ICare Medicals is a modern healthcare management system designed to enhance patient care through technology. It includes patient-facing Android applications for managing medical journeys, such as scheduling appointments, accessing records, and receiving health updates. Administrators can use a web-based dashboard to oversee operations, analyze data, and manage patient interactions. The system leverages Azure for cloud services and specifically Azure Custom Vision for AI-powered predictions, focusing on early detection of eye diseases via image analysis. An SMS gateway ensures timely notifications to patients, improving engagement and outcomes.

This project aims to bridge the gap between patients and healthcare providers, making medical services more accessible, efficient, and proactive.

Features

  • Patient Android App: User-friendly interface for booking appointments, viewing medical history, uploading images for eye disease screening, and receiving SMS notifications.
  • Admin Web Dashboard: Built with Vue.js for real-time monitoring of appointments, patient data analytics, and system management.
  • AI-Powered Predictions: Utilizes Azure Custom Vision to analyze eye images and predict potential diseases like glaucoma, cataracts, or diabetic retinopathy.
  • Secure Backend: Spring Boot API handling data processing, authentication, and integration with Azure services.
  • Database Management: MySQL for storing patient records, appointment details, and prediction results.
  • SMS Notifications: Integrated gateway for sending alerts, reminders, and updates to patients' mobile devices.
  • Cloud Usage:Azure AI features are used for reliable, and seamless AI integration.
  • Data Analytics: Basic reporting and visualizations for healthcare insights.

Technologies Used

  • Backend: Spring Boot (Java)
  • Frontend (Web): Vue.js
  • Mobile (Android): Kotlin
  • Database: MySQL
  • Cloud Services: Azure (including Azure Custom Vision for ML predictions)
  • AI/ML: Azure Custom Vision for custom image classification models
  • Communication: SMS & Email Intergrations
  • Other Tools: Maven/Gradle for builds, Git for version control, Docker for containerization (optional)

Architecture

1

The system follows a microservices-inspired architecture:

  1. Client Layer: Android app for patients and Vue.js web app for admins.
  2. API Layer: Spring Boot backend exposing RESTful endpoints.
  3. Data Layer: MySQL database for persistent storage.
  4. AI Layer: Azure Custom Vision service for processing uploaded images and generating predictions.
  5. Notification Layer: SMS gateway for outbound messages.
  6. Cloud Infrastructure: All components deployable on Azure App Services, Azure SQL Database, and Azure AI services.

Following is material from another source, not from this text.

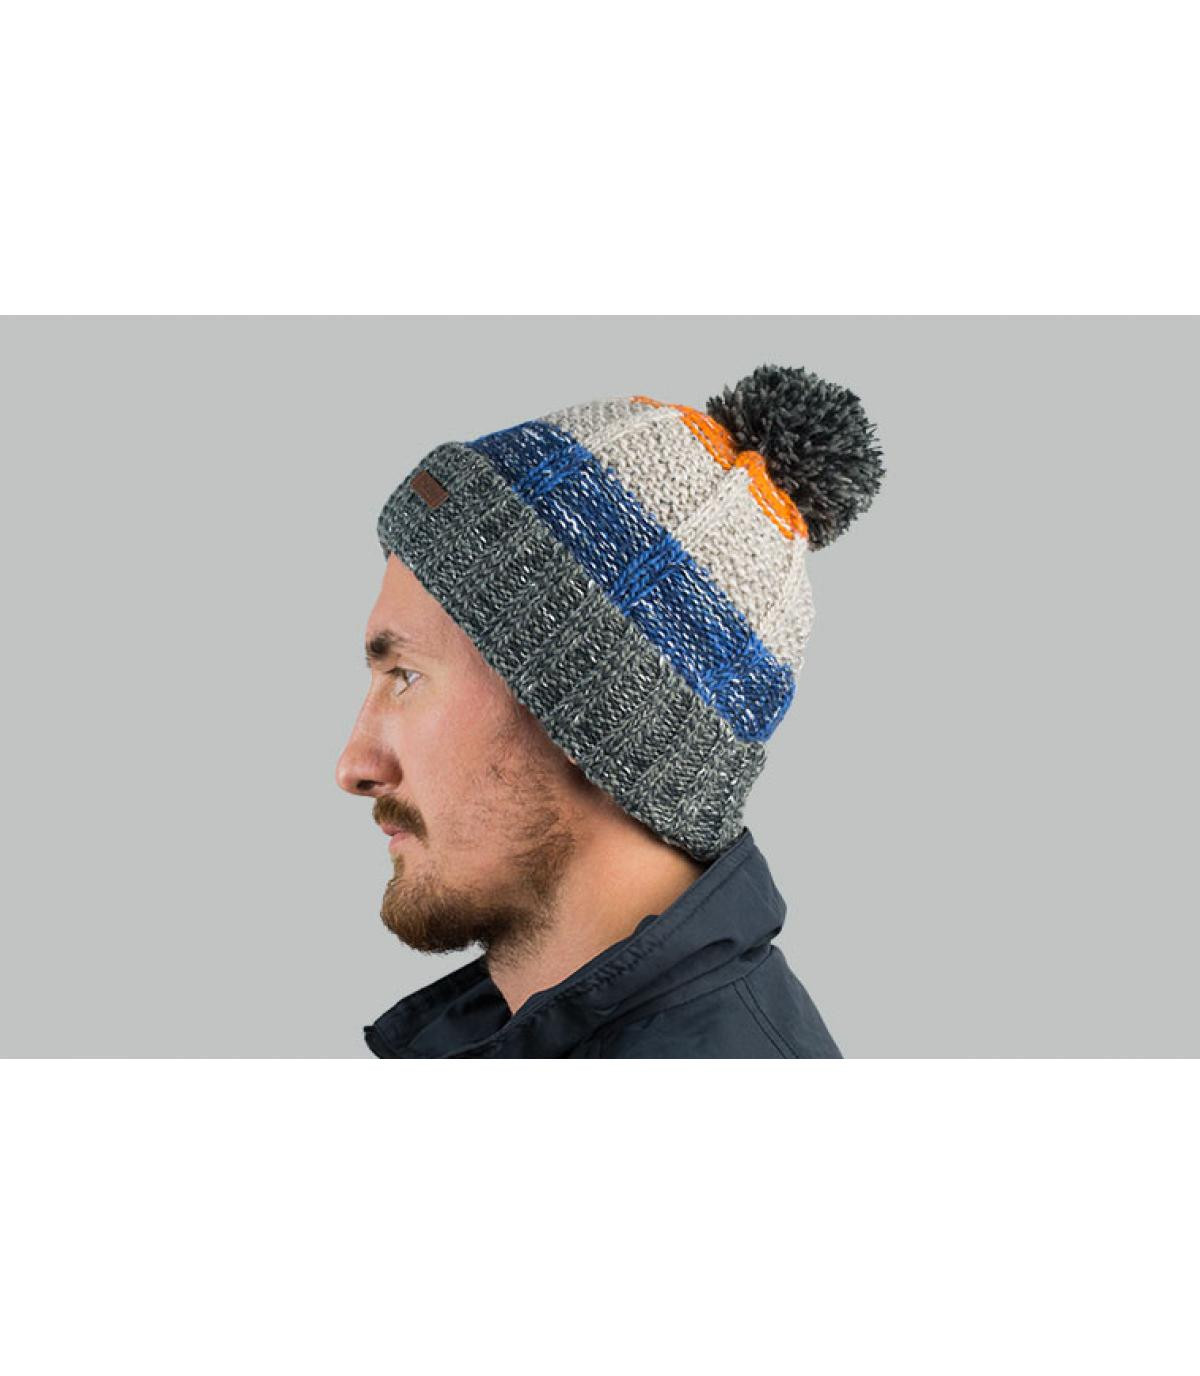 Bommelmütze gestreift grau blau

Data flow: Patients upload eye images via the app β†’ Backend routes to Azure Custom Vision β†’ Predictions Proccessed β†’ Notifications sent via SMS/Email.

Installation and Setup

Prerequisites

  • Java JDK 17+ (for backend)
  • Node.js 14+ and npm (for Vue.js frontend)
  • Android Studio (for mobile app)
  • MySQL Server 8+
  • Azure Account (with Custom Vision resource provisioned)
  • Git
  • Optional: Docker for containerized deployment

Backend Setup

  1. Clone the repository:

    git clone https://github.com/moshdev2213/ICare-Medicals.git
    cd ICare-Medicals/backend
    
  2. Configure application properties (e.g., application.properties or application.yml):

    • Set database credentials.
    • Add Azure Custom Vision keys and endpoints.
    • Configure SMS gateway API keys.
  3. Build and run:

    mvn clean install
    mvn spring-boot:run
    

    (Assuming Maven is used; adjust for Gradle if applicable.)

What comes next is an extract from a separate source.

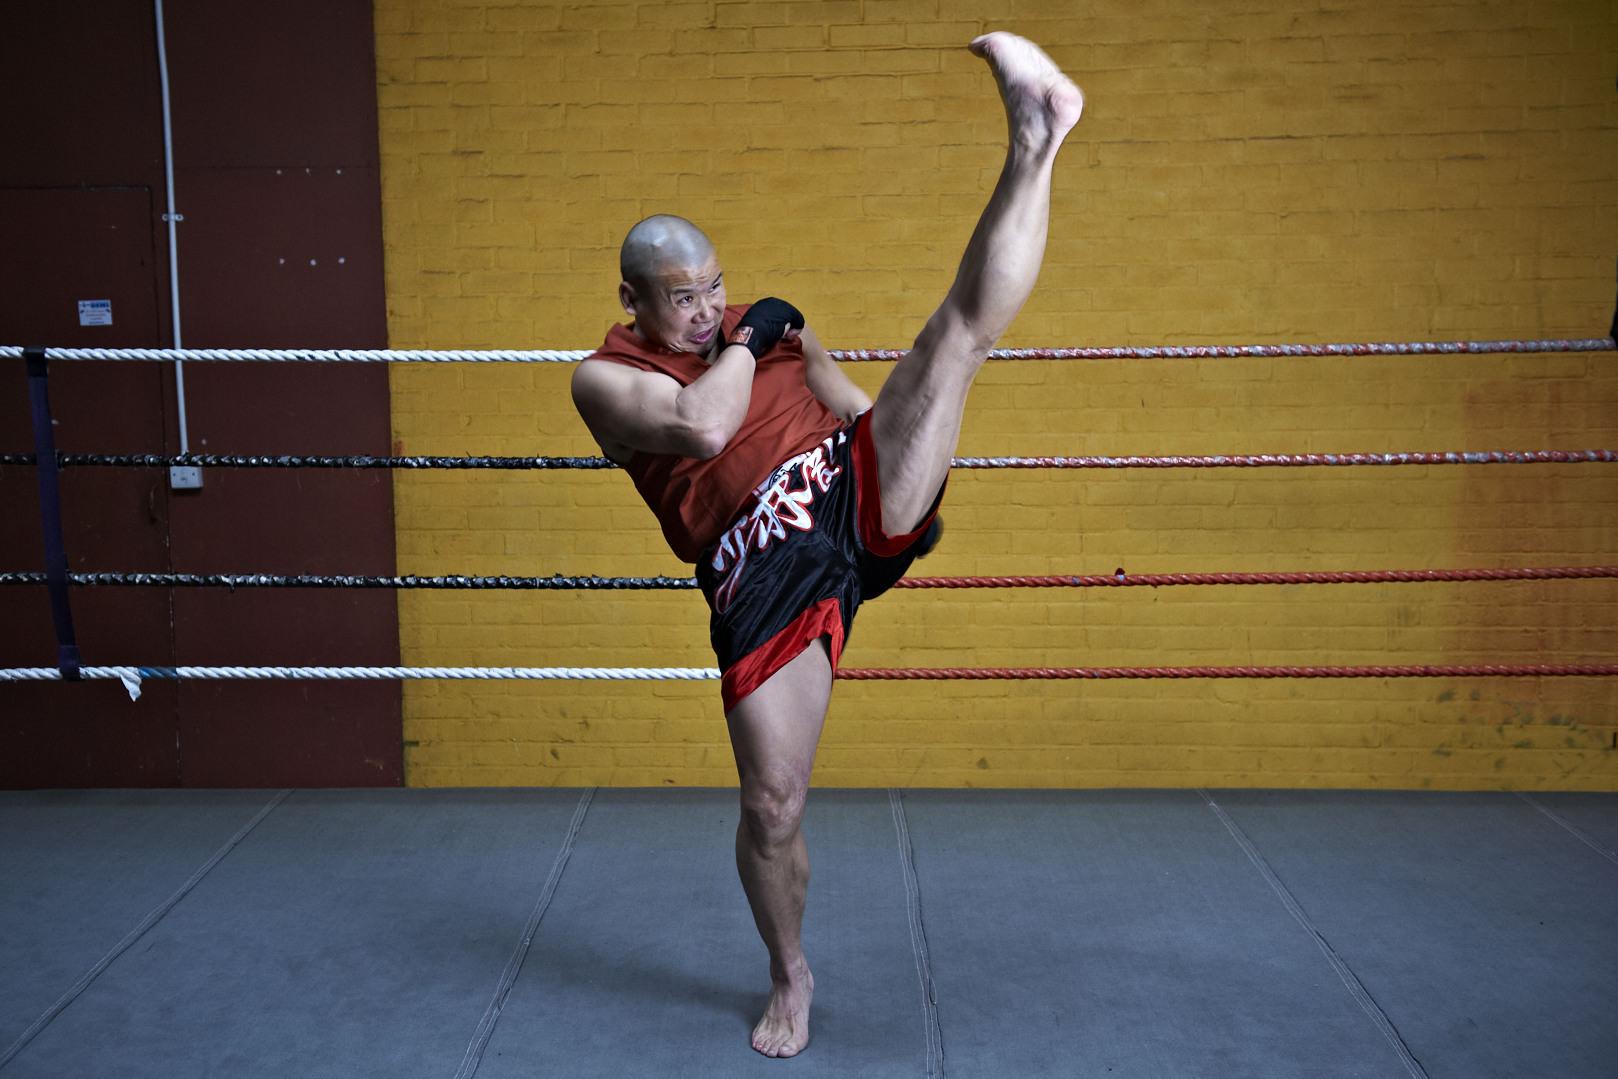 Shaolin temple uk shifu yanzi kick 20.jpg

Frontend (Web Admin Dashboard) Setup

  1. Navigate to the frontend directory:

    cd ICare-Medicals/frontend/web
    
  2. Install dependencies:

    npm install
    
  3. Run the development server:

    npm run dev
    
  4. Build for production:

    npm run build
    

Android App Setup

  1. Open the Android project in Android Studio:

  2. Sync Gradle and build the project.

  3. Configure API endpoints and Azure keys in the app's constants or build config.

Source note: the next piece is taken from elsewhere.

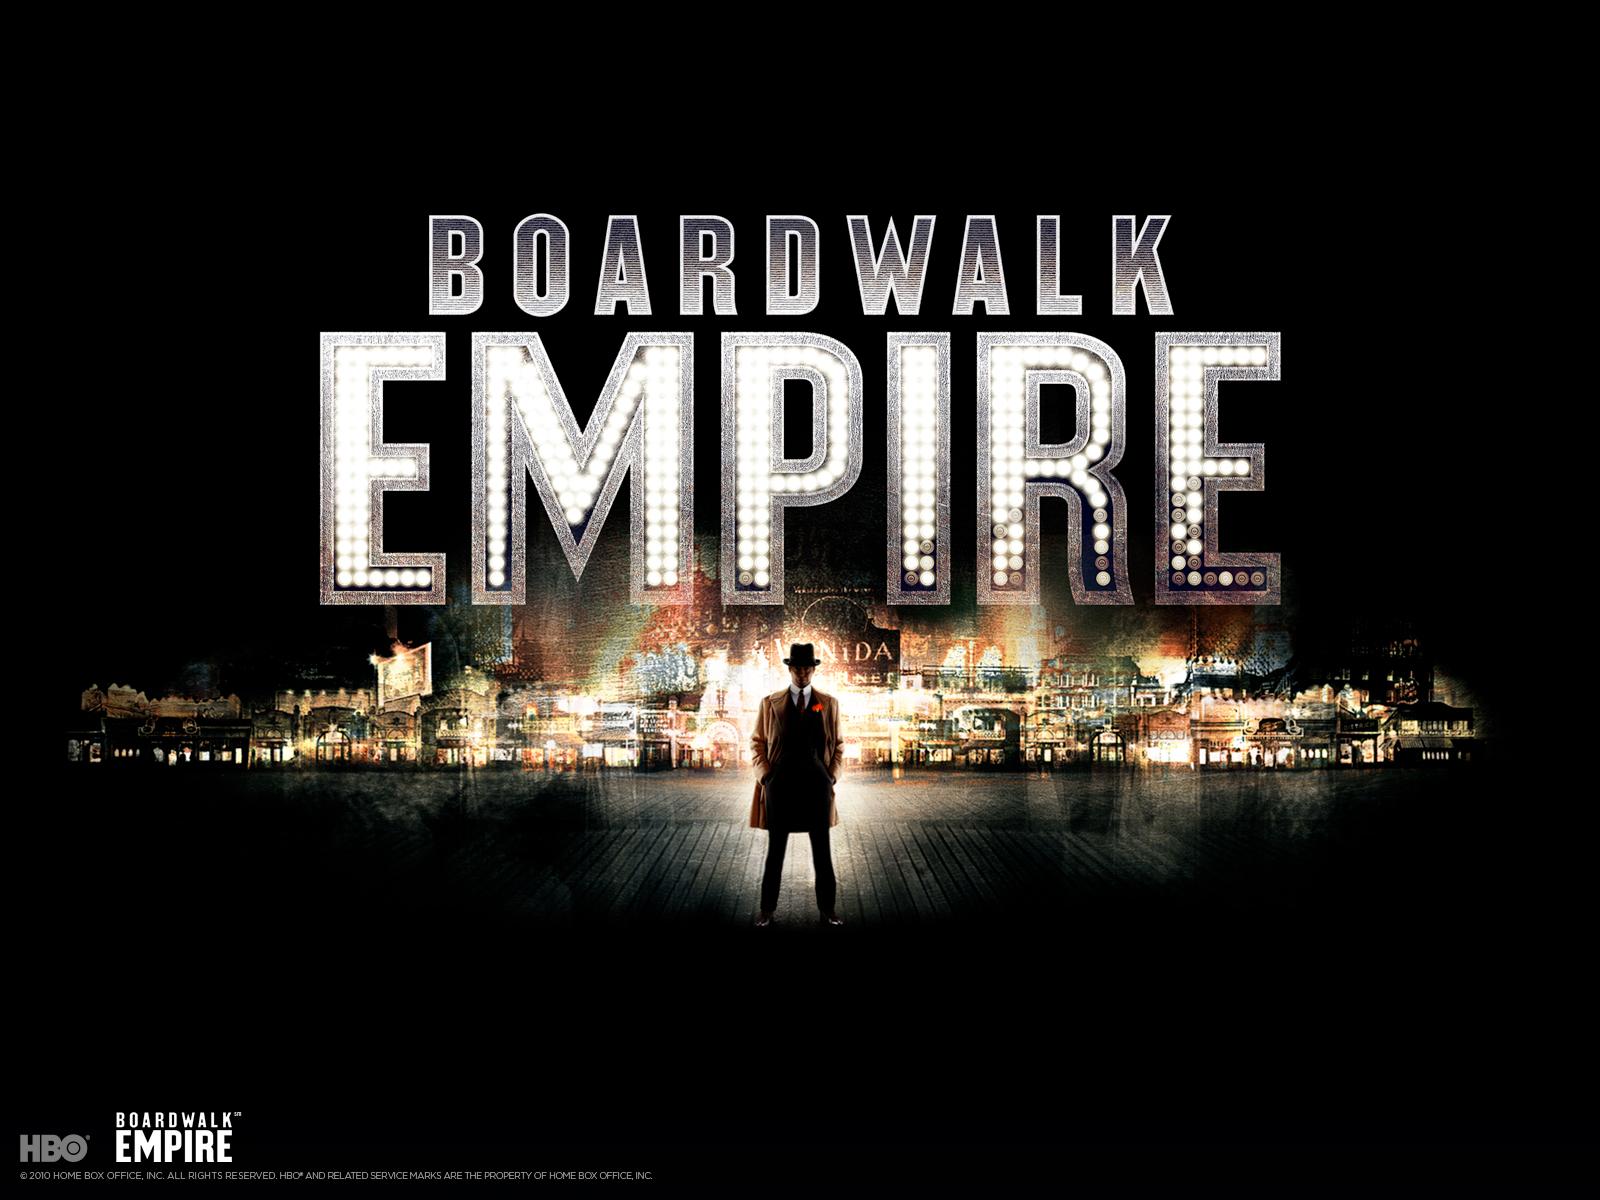 http://4.bp.blogspot.com/-ffgbrMQKuVU/TrEMq7aZLPI/AAAAAAAAAM8/TeuGmC2jnsc/s1600/boardwalk_empire_wallpaper_1600x1200_1.jpg

  4. Run on emulator or device.

Azure Custom Vision Integration

  1. Create an Azure Custom Vision project:

    • Go to customvision.ai.
    • Create a new project for classification (e.g., eye disease types).
    • Upload training images and train the model.
    • Publish the model and note the Prediction URL, Key, and Project ID.
  2. In the backend code (e.g., in a service class):

    • Use the Azure Custom Vision SDK or REST API to send images for prediction.
  3. Deploy the model and integrate endpoints in the app/backend.

Database Setup

  1. Install MySQL and create a database:

    CREATE DATABASE icare_medicals;
    
  2. Run schema scripts (if provided in /db directory) or let Spring Boot auto-generate via JPA/Hibernate.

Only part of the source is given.